But Anakin’s hands were on her forearms now. They were strong—strong enough to crush durasteel, strong enough to snuff out a life in a heartbeat. He pulled her into a suffocating embrace.
“Ahsoka…” he breathed into her hair. “Words cannot describe how glad I am to see you. After all these years… you haven’t aged a day.”
“It has only been three weeks, sir,” Zilla countered, her madness flaring. She saw the truth behind his eyes: the broken dreams he’d paved over with corpses. “But I must say… you look much older.”
The King chuckled, a sound that should have been jolly but felt like a threat. “Time is different in this world, Snips.”
Zilla recoiled as if he’d struck her. Snips. The name belonged to a dead girl. She backed away, her hand over her racing heart. Near the pillar, Amanda—the girl with the heavy executioner’s axe slung over her shoulder—watched in silence. Amanda’s eyes were cold; she knew that if the King gave the word, she would have to swing that blade, no matter who the girl claimed to be.
Anakin stepped closer, his shadow stretching long and jagged across the floor. “What’s the matter, apprentice?” he asked, his voice dripping with a terrifying, false tenderness. “Care to join us for breakfast?”
He reached for her shoulder again, his fingers twitching—the same fingers that had felt the pulse of his enemies fade to nothing. Behind him, the ghost of Padmé watched with tragic, unseeing eyes, as the King prepared to play his deadliest game yet.

A Throne of Cold Regret

He had failed to save his mother. He had failed to save his Padawan, Ahsoka Tano.

The weight of those losses was a physical pressure, a phantom limb that throbbed in the silence of the night. Even the warmth of Padmé’s breath or the soft cries of his children could not mend the jagged hole in Anakin Skywalker’s chest. He didn’t just want them back; he needed to control the very threads of fate that had snatched them away. He wanted to rule, to impose order on a chaotic galaxy so that nothing could ever be taken from him again. To be a King was not enough—he wanted to be a God over destiny itself.
As he lay in the royal bed, the darkness of the room felt like a living thing, feeding on his resentment. He stood up in the oppressive silence, casting one final, lingering look at Padmé.
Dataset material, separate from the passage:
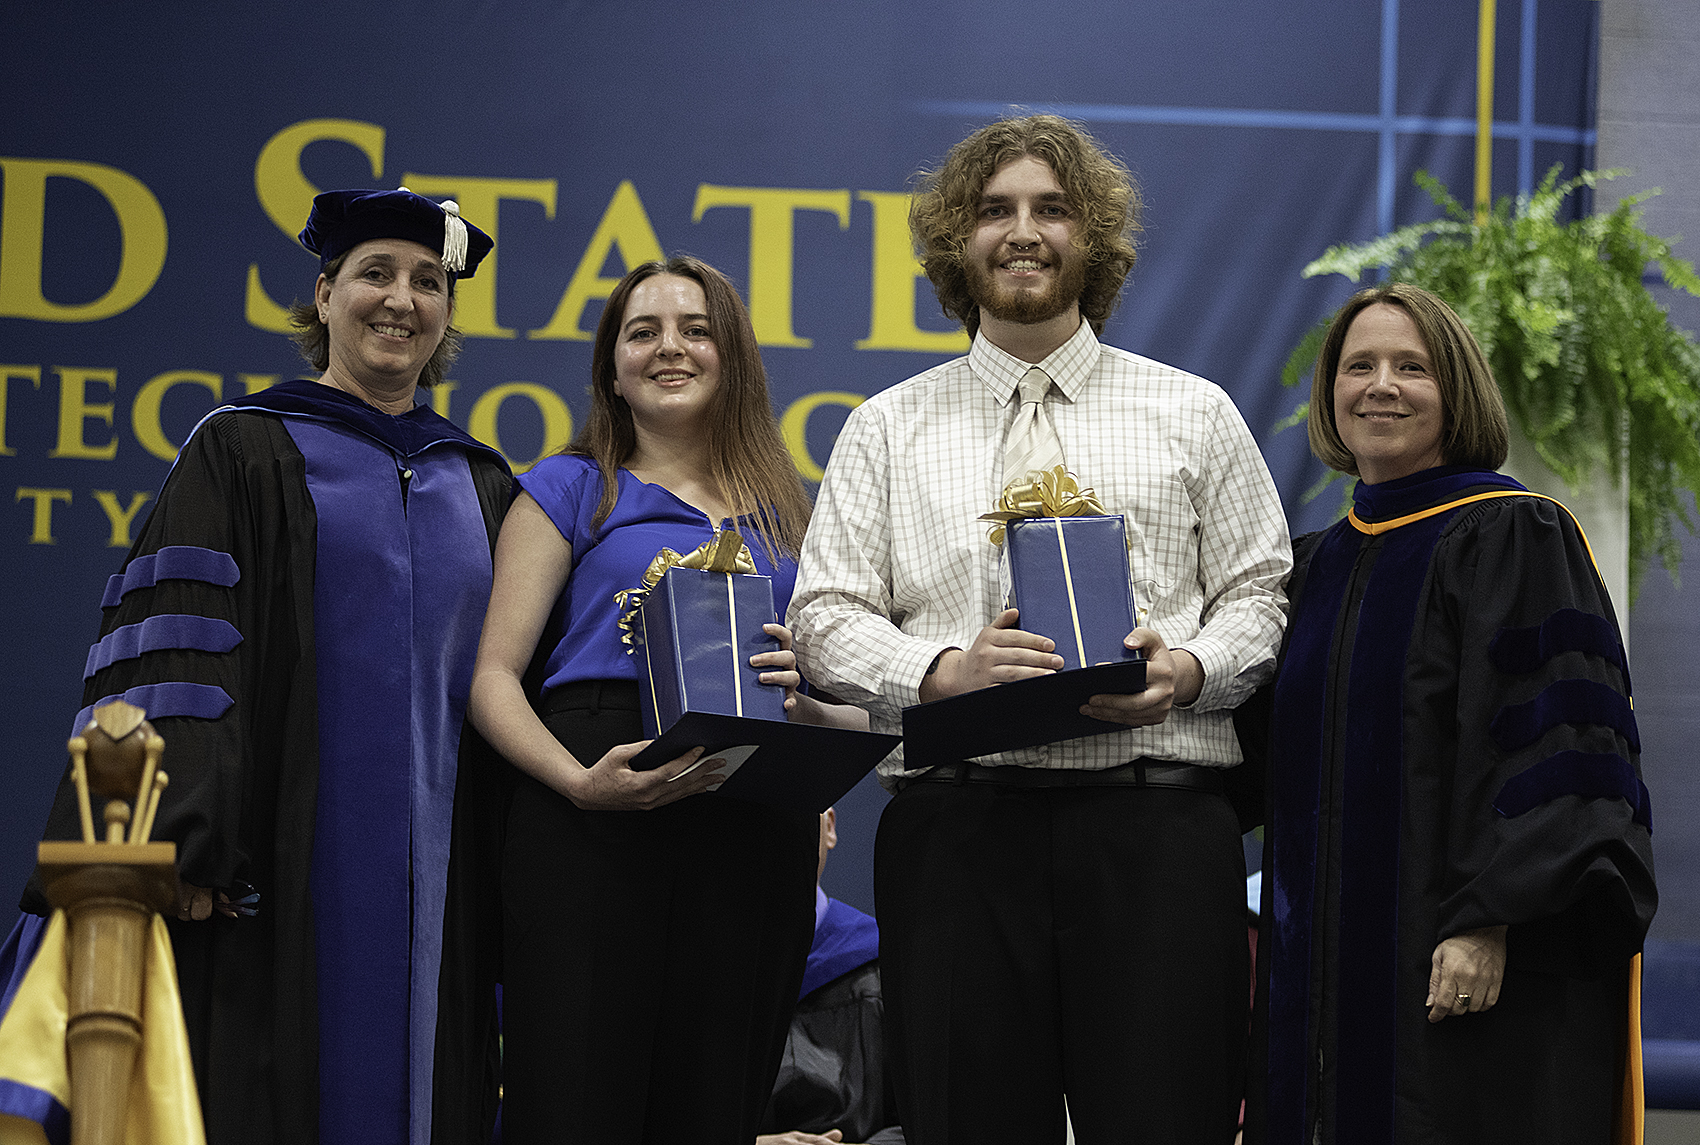 Students from the School of Arts and Sciences honored.
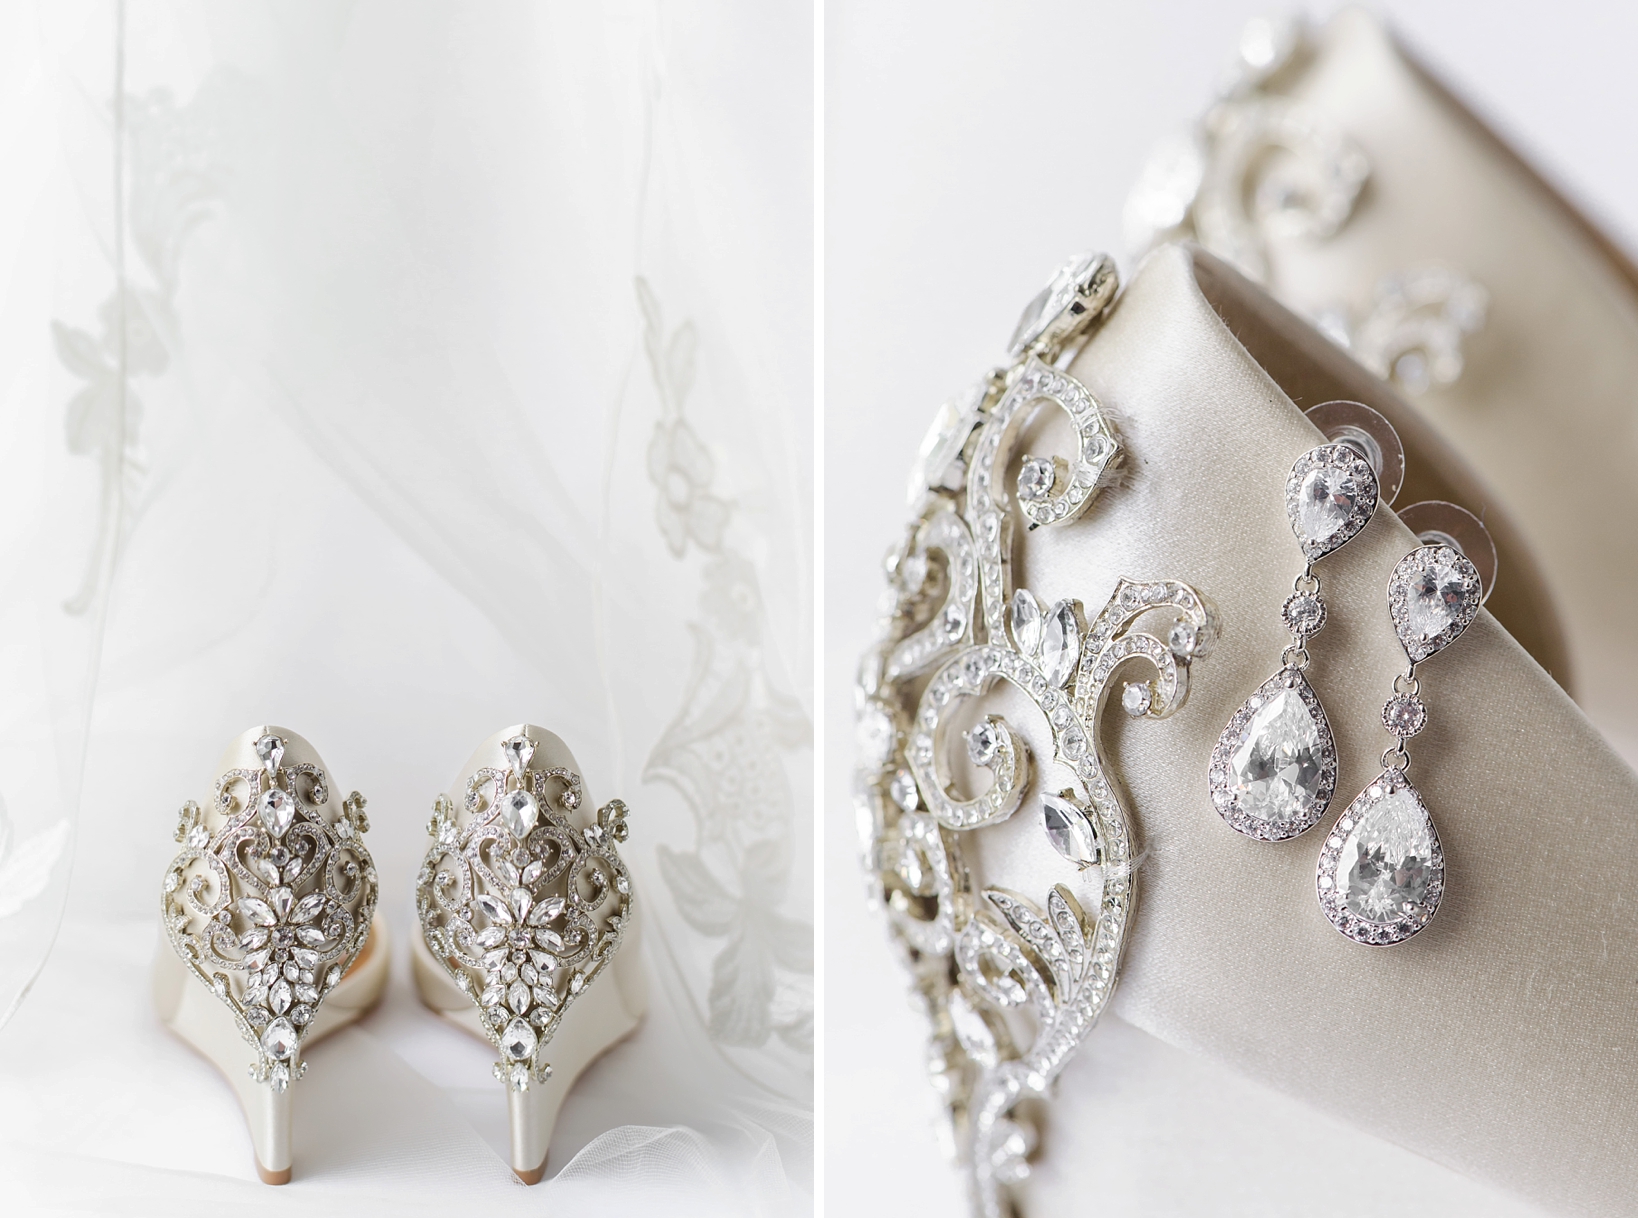 The rhinestone details of the bridal shoes by Sarah & Ben Photography

She slept like an angel, the only light in his increasingly shadowed world. Then, he slipped out the door, a wraith in his own palace.

Outside, the biting cold of Winter-land clawed at Zilla as she sprinted through the frost-laden forest. Behind her lay the shadow of Asajj Ventress; ahead lay her only hope for survival.
She reached the towering spires of Anakin’s castle and pulled the hood low over her face. Zilla wasn’t just hiding; she was transforming. Her mind, fractured and flickering with a half-mad desperation, clung to the role she had to play.
I am Ahsoka. I am the warrior. I am the lost Padawan.
Zilla knew the real Ahsoka was out there somewhere—a jagged, survivor of a thousand battles, a woman whose soul was as scarred as the battlefields she walked. Zilla was her twin in blood, but a broken mirror in spirit.
Her heart hammered against her ribs as she reached the massive front doors. If she failed, she was dead. If Anakin saw through the lie, she would face a darkness far worse than Ventress. She hesitated, then pushed. The door groaned open.
The interior was a cathedral of power: crystal chandeliers dripped like frozen tears from the ceiling, and silent guards lined the walls like statues. At the far end of the long corridor sat the throne, elevated, cold, and demanding.
Zilla stepped inside, the click of her boots echoing. The guards’ eyes followed her, cold and unblinking. She squeezed her eyes shut, trying to drown out the frantic whispers in her head.
Focus. Ventress told you everything. The last words, the last look, the way they parted.
It had been years. Memory is a fickle thing, even for a man as powerful as Anakin. He was haunted by ghosts; surely he wouldn’t be able to tell the difference between a ghost and a girl wearing its face.
She took a breath, letting the “madness” settle into a mask of stoic, warrior-like. She began to walk toward the throne, praying that the man who wanted to rule the world wouldn’t notice the trembling of her hands.

The Architect of Ruin

Amanda stood trembling by the ancient altar, her knuckles white as she gripped the handle of her heavy axe. A jagged, pulsing rift in reality hovered behind her—the portal she had failed to close. The weight of her betrayal felt heavier than the iron in her hands.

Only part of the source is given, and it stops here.